I made an interesting dinner last night that came to me as I was thinking of what to prepare - pork chops encrusted with dry roasted edamame that I had found at Costco this week. I simply ground up the dry roasted edamame, added some Montreal steak seasoning to it for added flavor, dipped each chop in egg first, then in the edamame mixture and fried in a small amount of virgin olive oil. I knew the dried edamame would appeal to the crunchiness my husband loves and it wasn't until after he had eaten his pork chops and I saw him picking up extra "crust" and eating it that I told him what that crust was. Sneaky but healthy.

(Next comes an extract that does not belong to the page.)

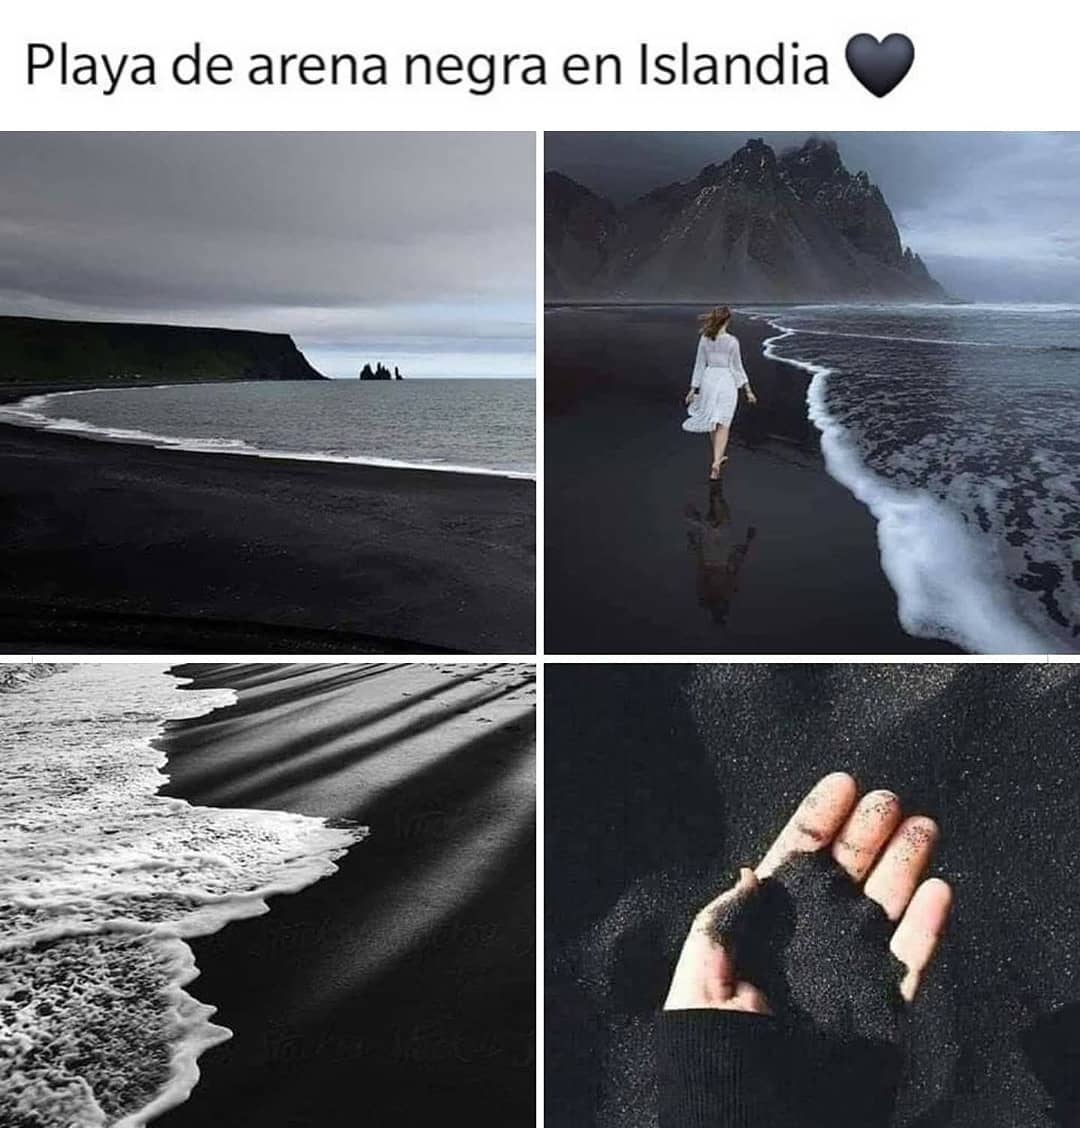 Playa de arena negra en Islandia.

Now, I'm pondering what I should knit next. This is one of the best parts of knitting for me.

Sunday, January 4, 2009

2009


Unlike most people, I was sad when it became 2009.   I hung on to every last minute of 2008 because my only son would not be alive in 2009 and he was in 2008.   I have struggled every day since his death and not one has gone by tearless.   I think I honestly felt that if I wished hard enough, tried hard enough, he would not be dead anymore.   And it didn't work.   I have to admit defeat.

Thank goodness that my daughter, Helen, gifted us with a new digital camera for Christmas.   It has allowed me to see some color and beauty once again.   I am a Taurus,  after all.  I cling to earth. 

Friday, December 19, 2008





Since my last blog entry, so much has happened.   I became a Grandmother for the fourth time with the birth of Annabel Katherine on June 18, 2008.   I feel very blessed by this and for all of my Grandchildren (2 boys and 2 girls).  Annabel has a two year old sister, Mia.   Mia can't decide whether she likes Elmo or books better.   I love it when a child is thrilled with books.  
My Grandsons, Jack and Hayden, are wonderful little boys and complete my Grandmother status.   They are growing up so fast.   Now that Hayden (almost 6) is in public school his once beloved and enormous Thomas The Tank collection is not "cool"." He's started saying, Thomas Sucks" (sigh) and Jack (age 7) is loving playing tag football which brings much joy to his Grandfather.  And for all of this I truly am grateful.

This is all I can talk about right now.   Sometime, perhaps I can talk about how I will never be the same.  Until then, have a  peaceful Holiday everyone.